Some of this is due to the province’s budget woes. For some, it’s due to the creation of a provincial health authority and the lack of clear communications around the process or the status of our jobs. For others, it’s seeing service cuts and layoffs in the education and community-based sector. For our Direct Care Worker (DCW) brothers and sisters in Outlook, it’s being locked out of their workplaces by their employer because they won’t accept scraps at the bargaining table any more.Barb-Cape-Website-pic

The story of our members who work at Variety Place in Outlook is an incredible one! They were organized with SEIU-West in early 2011 and began the hard work of training member leaders and bargaining a collective agreement. In 2013, it was time to get back to the bargaining table – and they went back over and over and over, in good faith, in order to achieve a fair agreement. Sure, they got a wage reopener of 17 cents in those 4 years to ‘tide them over’ – but that ain’t much!

The top end of the pay scale is $17.49/hour – they do much of the exact same work as a Continuing Care Assistant (CCA) – but get paid substantially less. They face many of the safe workplace challenges that we do in other sectors: violent residents, unsafe equipment (or lack of equipment) and funding shortfalls that cripple their ability to provide quality nutrition or programming. But still – $17.49/hour!

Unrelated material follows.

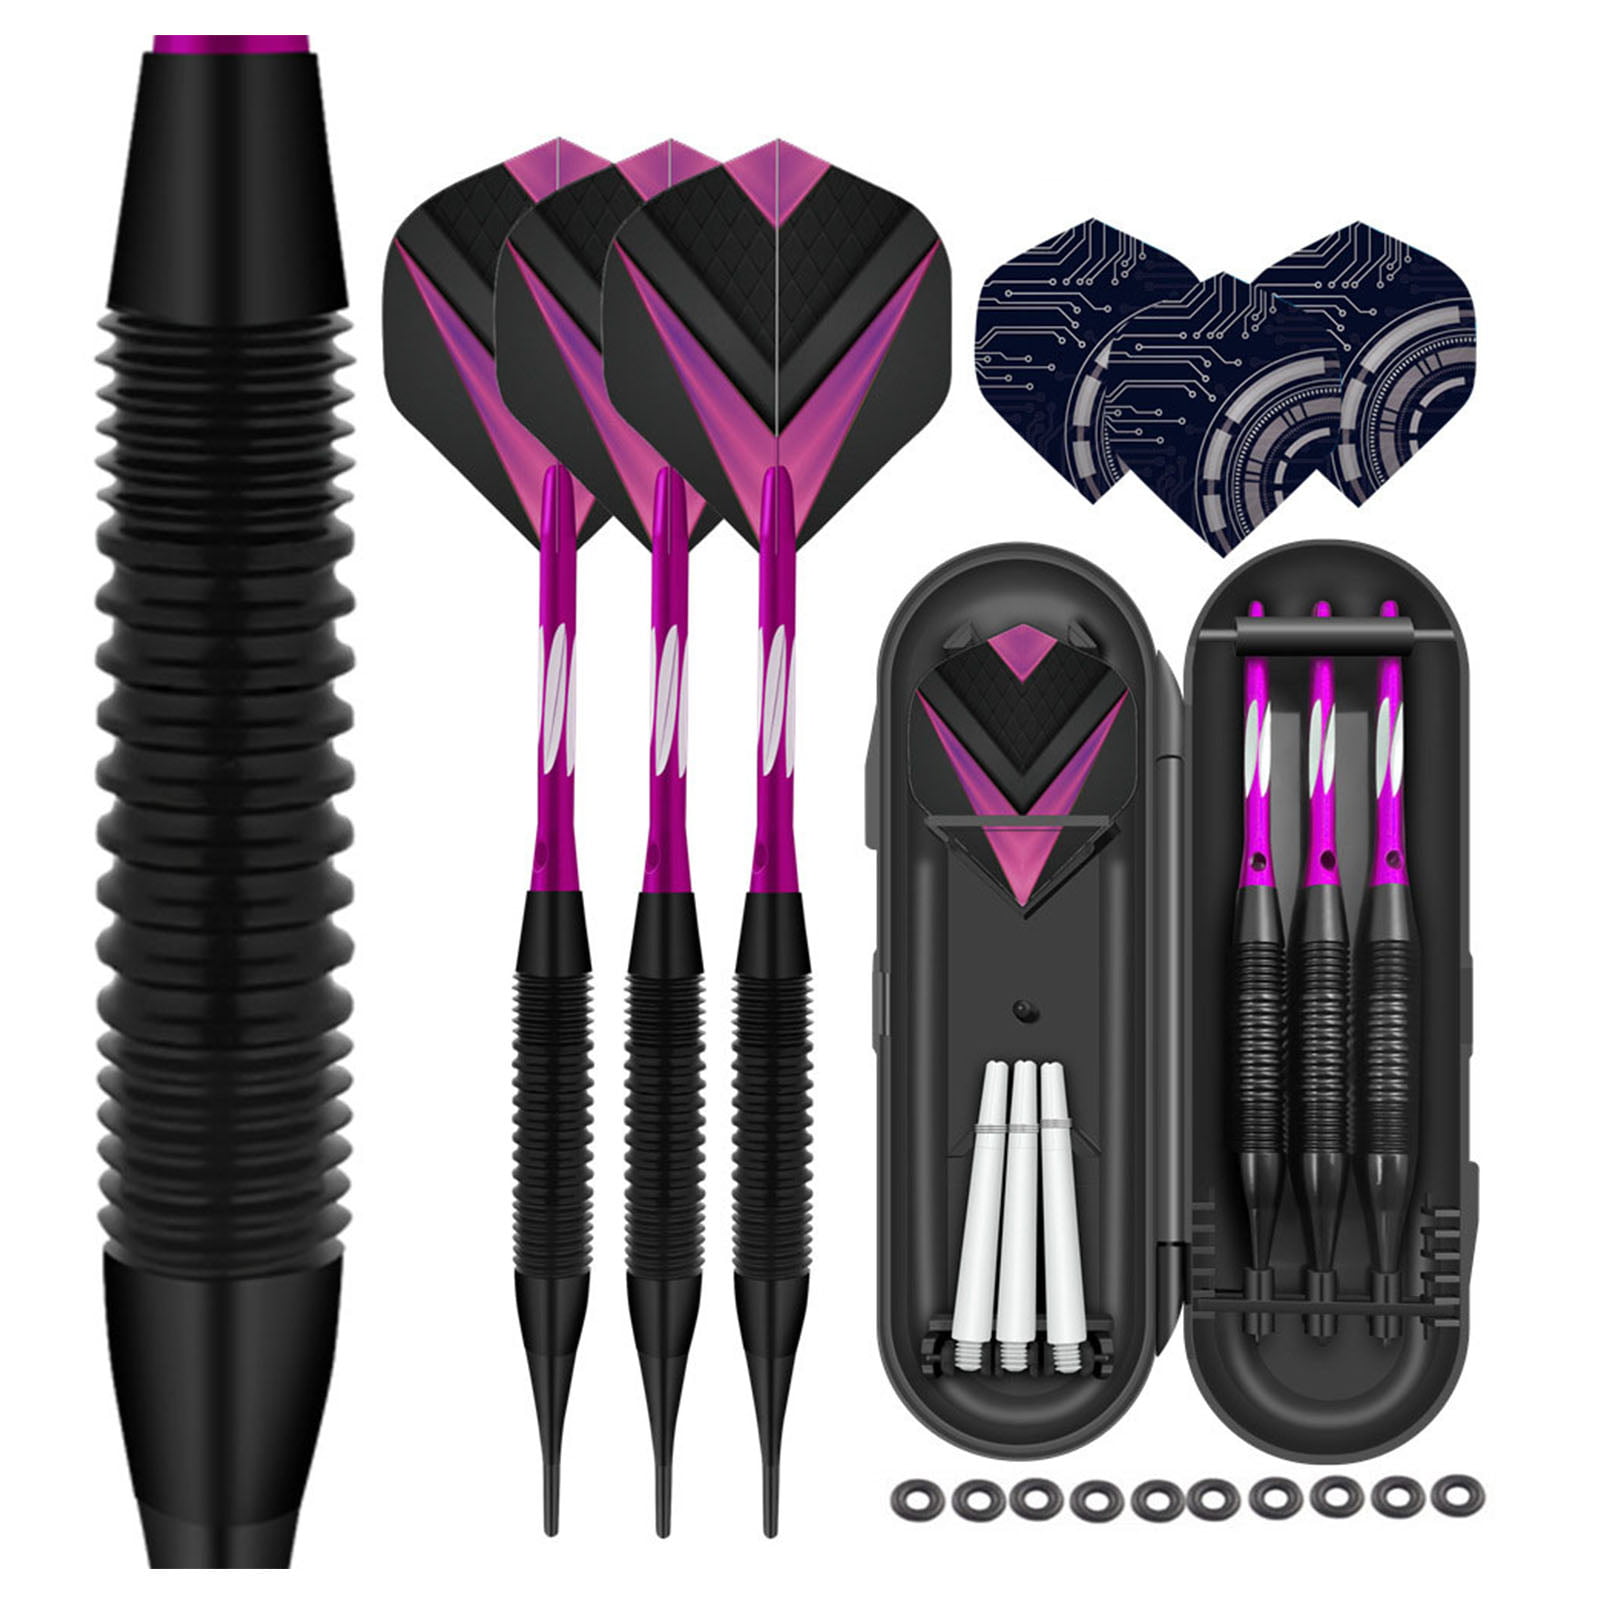 3Pcs Darts Set With 3Pcs Extra Flights & 1 Case Ideal Gift For Darts Fans Sports

The staff bring in kitchen equipment from their own homes like blenders or can openers, because their employer will not purchase them. The employer gets funding from the Ministry of Social Services, and while we have asked for an audit and transparency from both the ministry and the employer, we have not received it. Variety Place is running an exceptional surplus: they are over $300,000 to the good – but nutrition is questionable; there is not enough staff; and there is very low pay.

Some would say (and have said) that these workers knew what they were getting when they were hired; or that if they don’t like it, they should just quit. Well you and I both know that those are false options. In our working lives, just like our personal and community lives, we are supposed to make progress, to continually strive to be better. And that is no different with the locked out workers at Variety Place. Their employer has given up on being better – on reaching a fair collective agreement for all parties.

And still – $17.49/hour! These members served strike notice after bargaining for four years because they needed to make a stand for the good of their participants and their work.

Four years!?! Yes, because they had faith that their work was valued; that it was recognized and that their skill and professionalism was worth something. And it is!

But Variety Place is trying to play hard ball with the lives of many people who are vulnerable, who live in the community and believe that this work matters… so they locked out the workers of Variety Place. They thought our members would just roll over. But since May 21, they have been picketing, leafleting, chanting and working hard to get their employer to end the lock out, bring the residents home and get back to the bargaining table.

We all feel the uncertainty of the tremendous amount of change in our province…but at some point, we all need to make a stand and say ‘no more’! These twenty five active brothers and sisters are doing it – and so can we!